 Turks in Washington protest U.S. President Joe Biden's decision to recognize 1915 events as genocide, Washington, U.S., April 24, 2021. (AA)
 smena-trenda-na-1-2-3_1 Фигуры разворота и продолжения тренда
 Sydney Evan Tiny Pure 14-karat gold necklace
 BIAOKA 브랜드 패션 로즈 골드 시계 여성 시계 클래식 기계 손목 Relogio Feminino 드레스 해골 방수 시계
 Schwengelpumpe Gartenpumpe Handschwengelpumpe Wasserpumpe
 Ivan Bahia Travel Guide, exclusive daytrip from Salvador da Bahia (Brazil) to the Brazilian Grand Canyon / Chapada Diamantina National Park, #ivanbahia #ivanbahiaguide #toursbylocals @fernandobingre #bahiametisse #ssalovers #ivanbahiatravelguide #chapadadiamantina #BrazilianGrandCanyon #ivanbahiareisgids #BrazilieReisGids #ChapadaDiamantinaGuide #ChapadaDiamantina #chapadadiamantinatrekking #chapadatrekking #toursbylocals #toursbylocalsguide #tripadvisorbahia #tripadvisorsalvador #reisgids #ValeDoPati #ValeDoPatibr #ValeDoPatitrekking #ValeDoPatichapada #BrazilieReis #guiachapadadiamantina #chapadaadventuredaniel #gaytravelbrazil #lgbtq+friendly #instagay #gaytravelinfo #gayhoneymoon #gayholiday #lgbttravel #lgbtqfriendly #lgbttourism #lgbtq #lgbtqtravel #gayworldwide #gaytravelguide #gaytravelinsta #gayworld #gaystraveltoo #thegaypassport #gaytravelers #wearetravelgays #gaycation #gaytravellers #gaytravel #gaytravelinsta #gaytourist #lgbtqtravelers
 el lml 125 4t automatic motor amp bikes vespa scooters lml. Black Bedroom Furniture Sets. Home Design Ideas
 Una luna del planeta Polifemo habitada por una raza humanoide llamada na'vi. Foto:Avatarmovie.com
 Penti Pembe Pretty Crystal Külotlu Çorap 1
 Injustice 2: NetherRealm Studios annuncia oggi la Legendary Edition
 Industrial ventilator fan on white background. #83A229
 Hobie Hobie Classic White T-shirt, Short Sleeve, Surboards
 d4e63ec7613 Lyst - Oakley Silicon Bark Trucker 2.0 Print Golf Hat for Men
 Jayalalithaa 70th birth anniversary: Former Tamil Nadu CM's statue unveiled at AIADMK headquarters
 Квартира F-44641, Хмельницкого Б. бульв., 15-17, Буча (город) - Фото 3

-*-

● Activity:
Using the data above, transcribe the lines that run from the line with "Injustice 2: NetherRealm" to the line with "d4e63ec7613 Lyst - Oakley", both ends kept, and output nothing else.

● Reply to the task:
 Injustice 2: NetherRealm Studios annuncia oggi la Legendary Edition
 Industrial ventilator fan on white background. #83A229
 Hobie Hobie Classic White T-shirt, Short Sleeve, Surboards
 d4e63ec7613 Lyst - Oakley Silicon Bark Trucker 2.0 Print Golf Hat for Men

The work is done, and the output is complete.